In general there should be one spark job for one action. Actions always return results. Each job breaks into series of stages, the number of which depends on shuffle operations need to take place
Above job is:
- Stage 1 with 8 Tasks
- Stage 2 with 8 Tasks
- Stage 3 with 6 Tasks
- Stage 4 with 5 Tasks
- Stage 5 with 200 Tasks
- Stage 6 with 1 Task

Stages🔗

group of tasks that can be executed together to compute the same operations on multiple machines. Generally Spark tries to pack as much work as possible into same stage, but the engine starts new stages after operations called shuffles.
A Shuffle represents physical repartitioning of data. For example - sorting a DataFrame, or grouping data that was loaded from a file by key.
First two stages in above example corresponds to range
Stage3, 4 perform on each of those DataFrames and end of stage represents the join (a shuffle)
Suddenly, we have 200 tasks. This is because of a Spark SQL configuration. The spark.sql.shuffle.partitions default value is 200, which means that when there is a shuffle performed during execution, it outputs 200 shuffle partitions by default.
A good rule of thumb is that the number of partitions should be larger than the number of executors on your cluster, potentially by multiple factors depending on the workload. If you are running code on your local machine, it would behoove you to set this value lower because your local machine is unlikely to be able to execute that number of tasks in parallel.

Tasks🔗

Stages in spark consists of tasks. Each task corresponds to a combination of blocks of data and a transformation that will run on a single executor.
A task is just a unit of computation applied to a unit of data (the partition). Partitioning your data into a greater number of partitions means that more can be executed in parallel.

Execution Details🔗

Tasks and Stages have important property. First, Spark automatically pipelines stages and tasks that can be done together, such as map followed by another map. Second, for all shuffle operation, Spark writes the data to stable storage, and can reuse it across multiple jobs.

Pipelining🔗

An important part of what makes Spark an “in-memory computation tool” is that unlike the tools that came before it (e.g., MapReduce), Spark performs as many steps as it can at one point in time before writing data to memory or disk. One of the key optimizations that Spark performs is pipelining, which occurs at and below the RDD level.

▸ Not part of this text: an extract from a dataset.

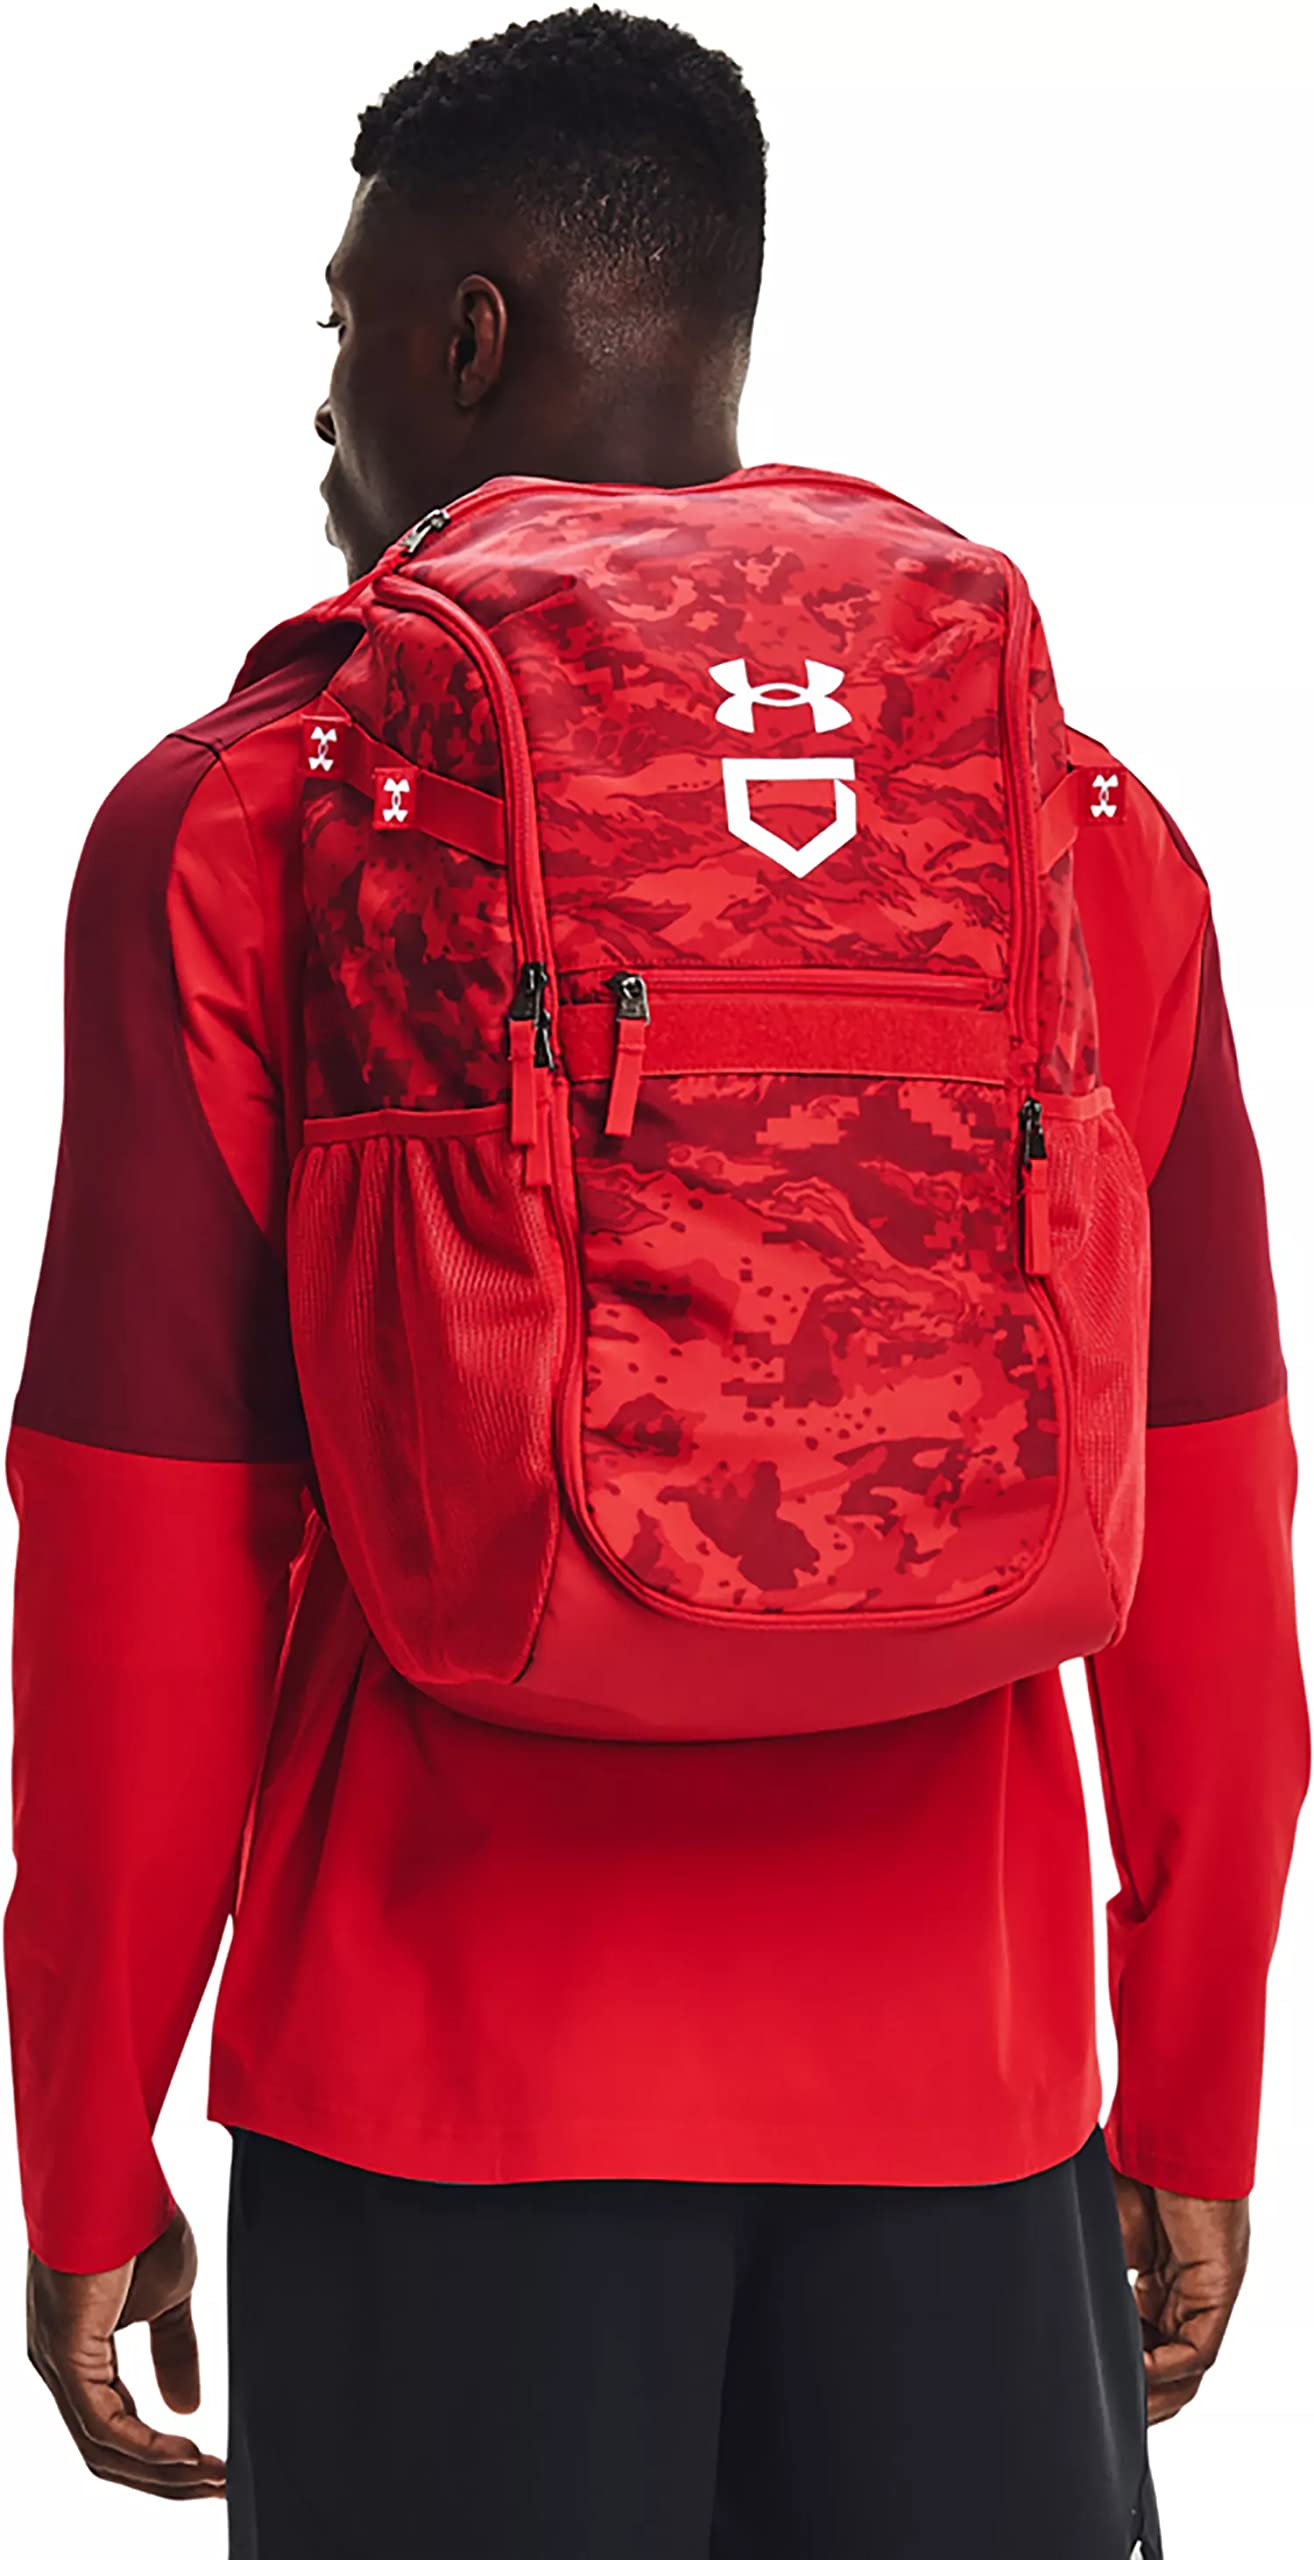 Under Armour Utility Baseball Backpack Print, (602) Red / / White, One Size Fits All

With pipelining, any sequence of operations that feed data directly into each other, without needing to move it across nodes, is collapsed into a single stage of tasks that do all the operations together.

Shuffle Persistence🔗

When Spark needs to run an operation that has to move data across nodes, such as a reduce-by-key operation (where input data for each key needs to first be brought together from many nodes), the engine can’t perform pipelining anymore, and instead it performs a cross-network shuffle.

Spark always executes shuffles by first having the “source” tasks (those sending data) write shuffle files to their local disks during their execution stage. Then, the stage that does the grouping and reduction launches and runs tasks that fetch their corresponding records from each shuffle file and performs that computation (e.g., fetches and processes the data for a specific range f keys). Saving the shuffle files to disk lets Spark run this stage later in time than the source stage (e.g., if there are not enough executors to run both at the same time), and also lets the engine re-launch reduce tasks on failure without rerunning all the input tasks.

One side effect you’ll see for shuffle persistence is that running a new job over data that’s already been shuffled does not rerun the “source” side of the shuffle. Because the shuffle files were already written to disk earlier, Spark knows that it can use them to run the later stages of the job, and it need not redo the earlier ones. In the Spark UI and logs, you will see the pre-shuffle stages marked as “skipped”. This automatic optimization can save time in a workload that runs multiple jobs over the same data, but of course, for even better performance you can perform your own caching with the DataFrame or RDD cache method, which lets you control exactly which data is saved and where.